You won’t find any of the analog modular synthesizer wizardry that Roach has been exploring for the last decade. Instead, he returns to his ’80s arsenal including the Oberheim Xpander, Oberheim Ob-X8 and Solina String Synth. This was the sound of Structures. Layered and looping, chords waft through each other, transforming in languid pirouettes. On the title piece, the first long-form track, you feel like you’re gently moving through rooms that are translucent and interlocked, curved catacombs of mysterious hallucinations. This is the music of a dream state or deep psychedelic contemplation. This music exists not on a dance floor scale but on a cosmic swirling-in-slow-motion scale.

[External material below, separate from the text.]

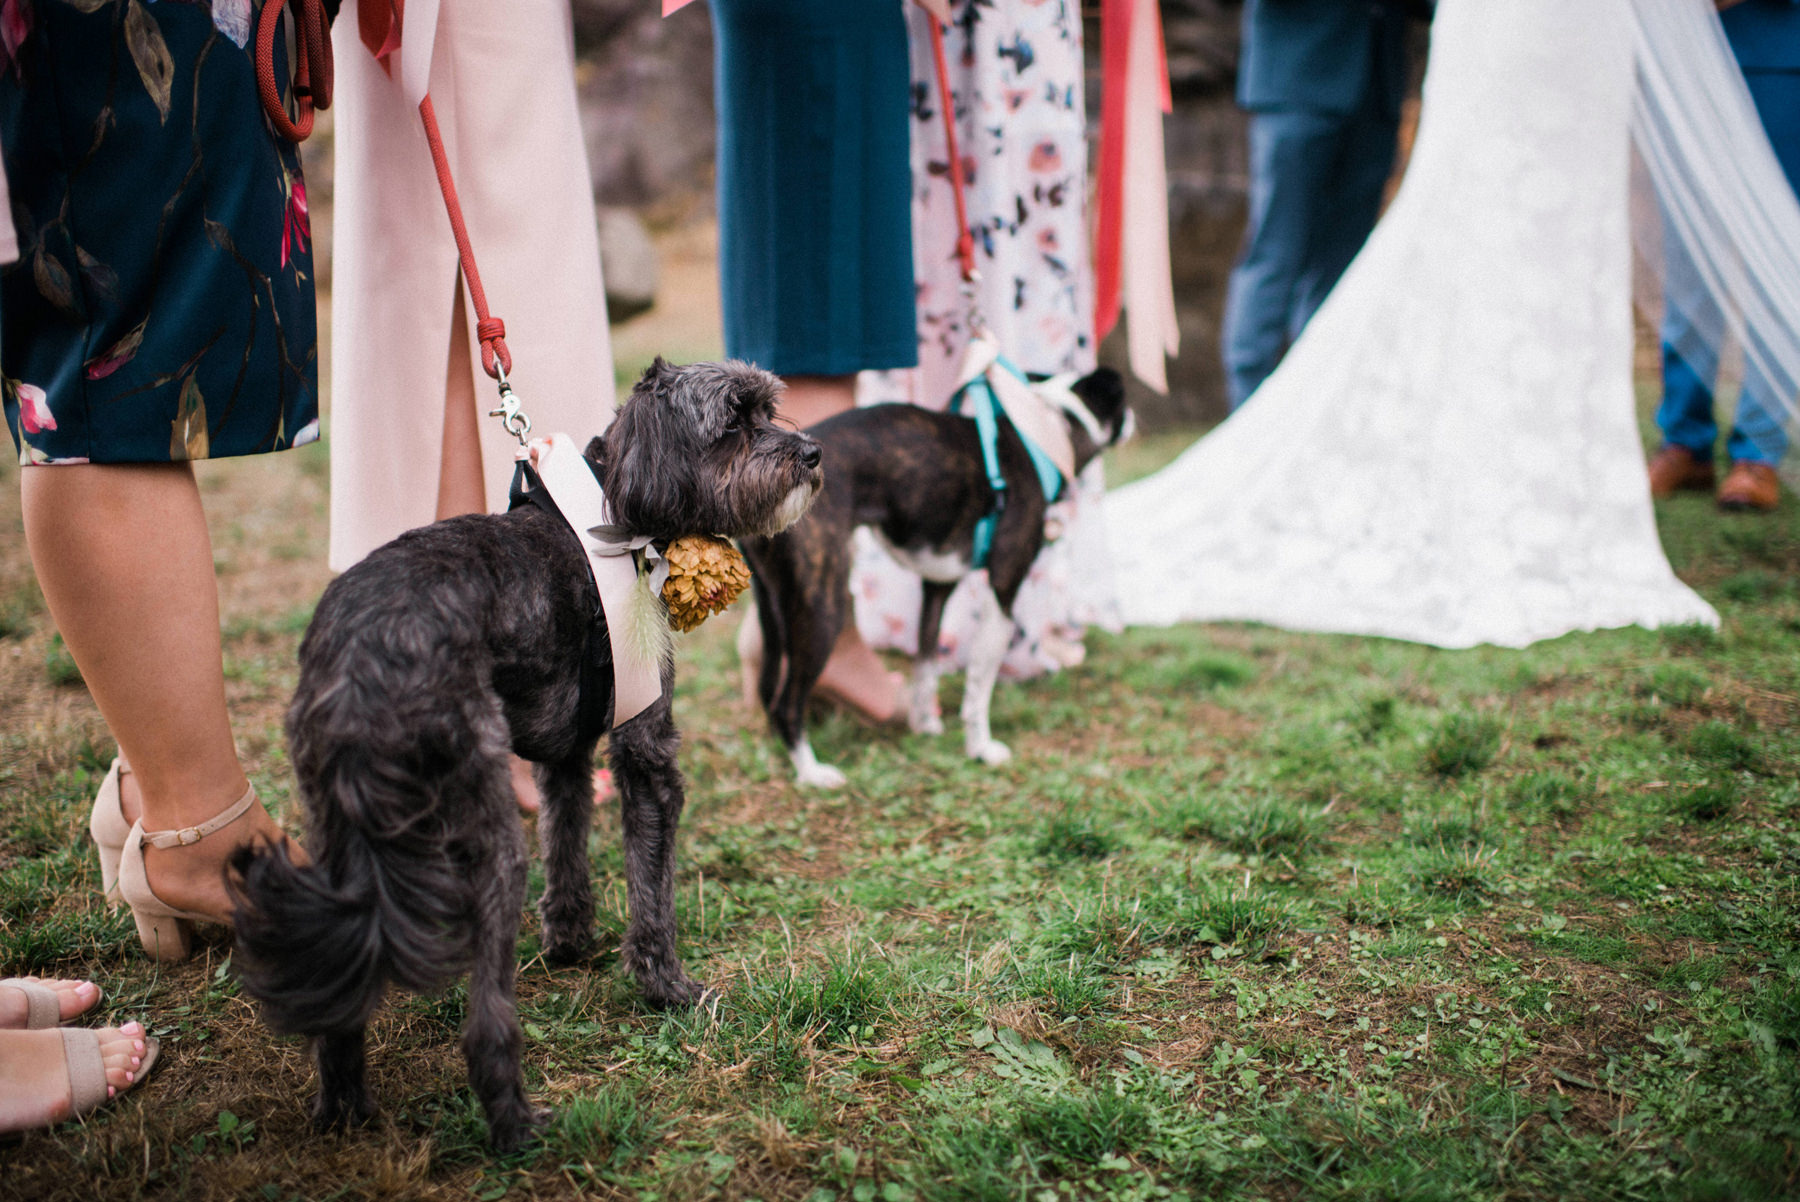 321-colorful-outdoor-lopez-island-wedding.jpg

Floating through the slow, breath-like gasps of “Softly Spoken, Deeply Heard,” I imagined this is what the universe sounds and feels like to the Space Guild Navigators of Dune, threading their way through folded space, connecting galaxies.
“Stream of Forever” is the most active piece on the album, which isn’t saying much in terms of activity. It has the faintest of pulses and a return of that descending-ascending gurgle in track one. Stealthily, a gentle, ping-ponging melody emerges, carrying you through its 16-minute duration.
The second disc of the album is taken up by “The Knowing Place.” It’s a single, hour-long track, which is why it has its own disc. While much of the first disc uses a similar timbral palette on every song, “The Knowing Place” goes into a deeper, darker sound, moving in deep bass and string tones. Bathed in reverb and processing, you might think the strings are electronic, but , it’s actually Roach’s wife, Linda Kohanov. She’s been taking some time out of the saddle of her horses and been sitting down with her electric-viola. Using a Boomerang looper, she layers sensuous lines into repeating cycle, often transposing down into the cello range, giving “The Knowing Place” a shrouded undertow.
This is a darker, more melancholy track than the other disc. About 36-minutes in, it morphs into a swirling pool of glissando sounds cascading down from liquid dark skies. No sooner are you awash in it all, that a long, deep synth chord wipes it away almost to silence. But now there are still 21-minutes to go, as the track slowly dissipates with stretched chord sequences, again, echoing Structures from Silence.
You don’t listen to a Steve Roach album like this as much as immerse yourself in its undulating, organic manipulations. You could take Rest of Life as a drifty ambient soundscape or you could dig deeper into it’s layers and slow evolution while also casting your eyes out further into its epic expanse.